Consider pros, cons of choosing community choice aggregation to source local electricity

Published on June 03, 2019 by Kim Riley


Warning: Undefined variable $post_id in /var/www/dailyenergyinsider.com/wp-content/themes/dei/single.php on line 31

Warning: Undefined variable $post_id in /var/www/dailyenergyinsider.com/wp-content/themes/dei/single.php on line 36
© Shutterstock

Community choice aggregation (CCA) is becoming a more widespread method for local areas across America to source electricity, according to the U.S. Department of Energy’s National Renewable Energy Laboratory (NREL), and there are pros and cons to consider in deciding if it’s the right choice.

Under CCA programs, cities and local governments generate or buy electricity most often from renewable energy sources based on the needs of their residents and businesses, according to NREL, which notes that CCAs are a hybrid between municipal utilities and standard investor-owned utilities.

Under a CCA program, the CCA purchases the power, while the investor-owned utility maintains the grid and provides customer service, NREL says.

“The increasing interest of local governments and environmentally conscious groups in clean energy, and the gradual improvement in installed cost of utility-scale solar and wind resources, seem to have combined to spark interest in CCAs,” says Cristin Lyons, partner and energy practice leader in the Raleigh, N.C., office of ScottMadden Inc., a management consulting firm specializing in energy.

However, there are challenges, or risks, involved with CCAs.

For instance, Lyons says that community choice aggregators face traditional contract risks in their procurements, such as counterparty performance, deliverability of resources and commodity price.

Additionally, for communities seeking locally sourced renewable resources, Lyons says there may be insufficient physical resources nearby to meet their local needs.

“We would note that there are factors to consider that may not necessarily be categorized as risks, but as realities,” Lyons says, noting that “exiting aggregators may need to provide some compensation to an incumbent utility for supply contracts or generation resources originally executed or built on their behalf, effectively compensating the utility for reasonable stranded costs.”

“This is also important to avoid cost-shifting to non-CCA customers,” she adds.

Further, the aggregator (or the utility or some other party on its behalf) retains ongoing responsibility for system balancing to ensure reliable service. Finally, a CCA does not eliminate the role of the wires company in delivering power and ensuring reliability.

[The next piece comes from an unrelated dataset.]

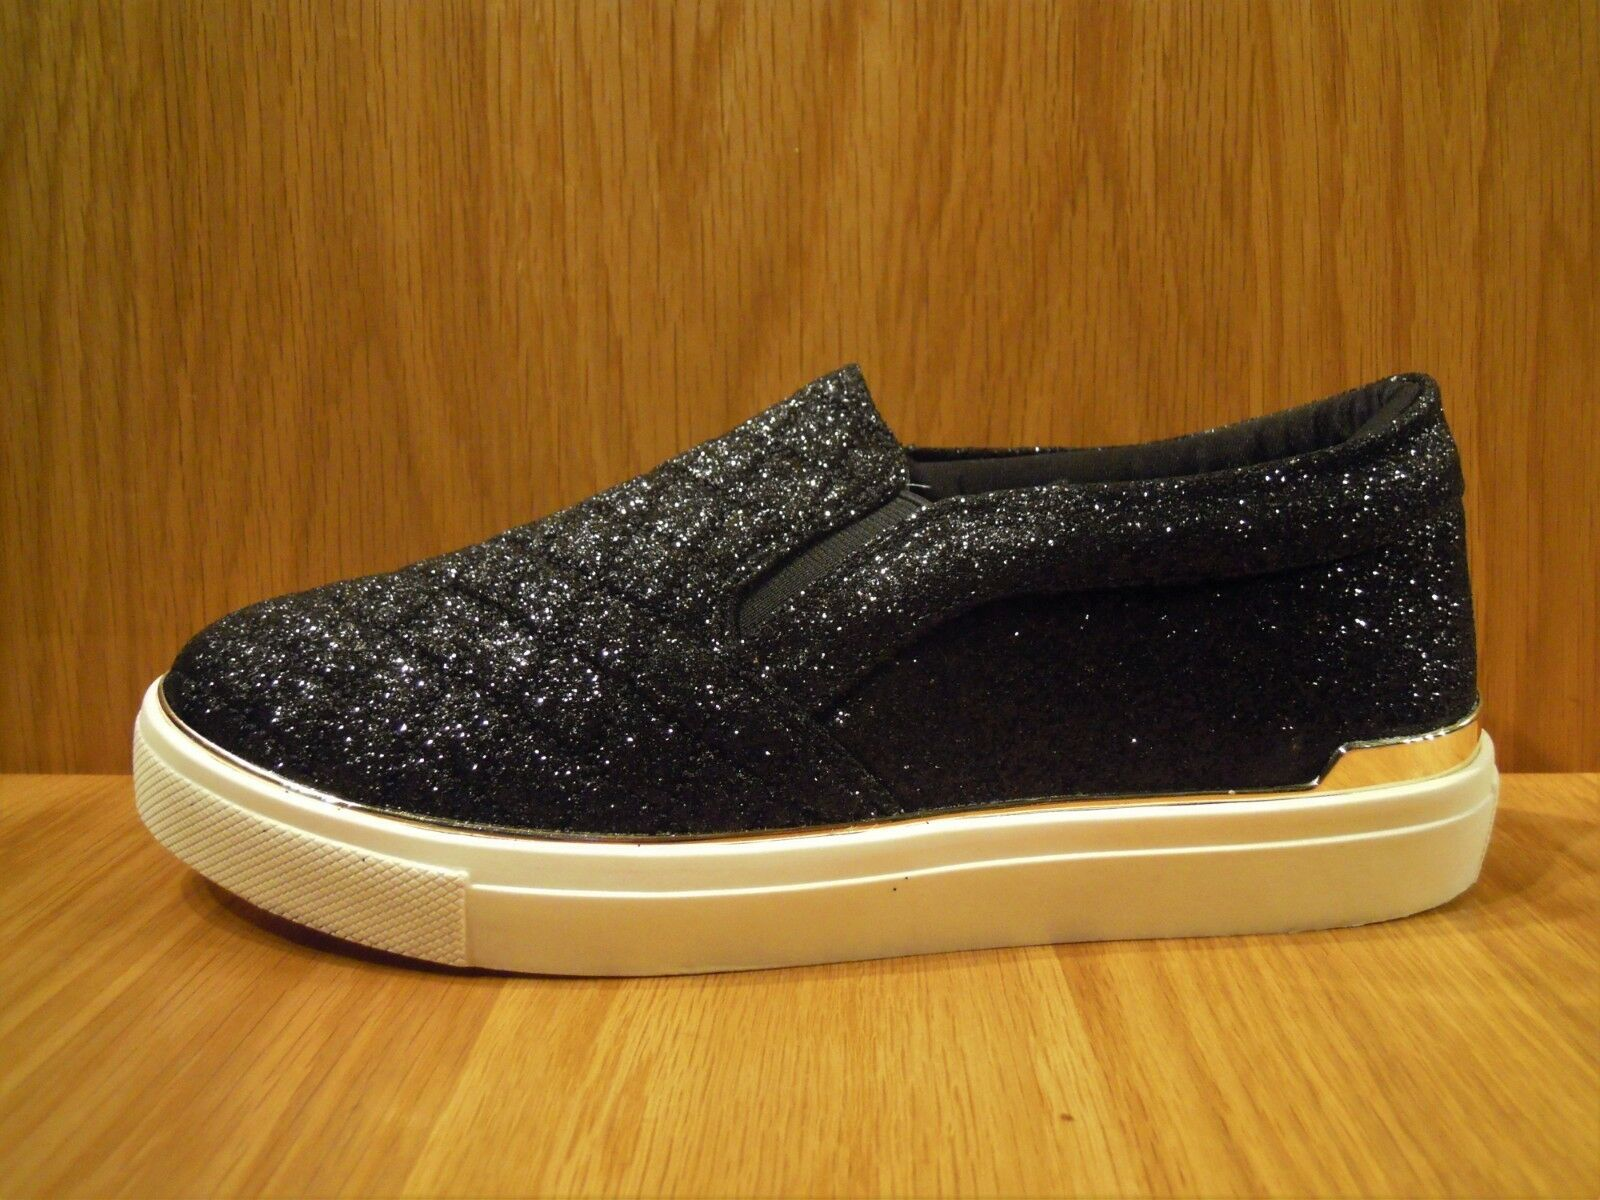 Carvela Ladies shoes Size 5 Black Pumps Flat Glitter Quilted Trainer Kurt Geiger

Some of the advantages associated with CCA, according to the U.S. Environmental Protection Agency’s Green Power Partnership (GPP), are a potential reduction in retail electric rates; the capacity to rapidly shift to greener power resources; local control of electricity generation; expanded consumer choices; and the potential to spur local jobs and renewable energy development.

“Advocates tout benefits such as the ability to more closely align energy decisions with policy objectives and citizen objectives, such as procuring renewable resources and implementing energy efficiency programs,” Lyons told Daily Energy Insider.

In some cases, like-minded communities also could band together to improve scale economies, she said, pointing to Cape Light Compact in Massachusetts — the nation’s first CCA — which represents 21 towns on Cape Cod, Martha’s Vineyard, and Dukes County.

“There [also] may be some benefits provided by the aggregator for retail customers who are underserved by competitive retailers,” says Lyons.

In addition to Massachusetts, CCAs currently are authorized in California, Illinois, Ohio, New Jersey, New York, and Rhode Island, according to GPP, and several other states are considering CCAs.

“CCAs are an attractive option for communities that want more local control over their electricity sources, more green power than is offered by the default utility, and/or lower electricity prices,” says GPP.

GPP also points out several challenges, saying CCA implementation is dependent on enabling state legislation and requires successful navigation of a variety of CCA regulations.

EnergySage Inc., an online comparison-shopping marketplace for rooftop solar, energy storage, community solar, and financing supported by the Department of Energy, also notes that CCAs must comply with regulations set in states having renewable energy mandates, just like any utility company generating power.

“However, if there aren’t regulations in the state or local laws about the type of power your government can procure under a CCA, much of the electricity in your CCA may be generated from fossil fuels,” according to the company.

There are also administrative costs, as well as opt-in versus opt-out clauses that may be confusing to consumers, according to GPP.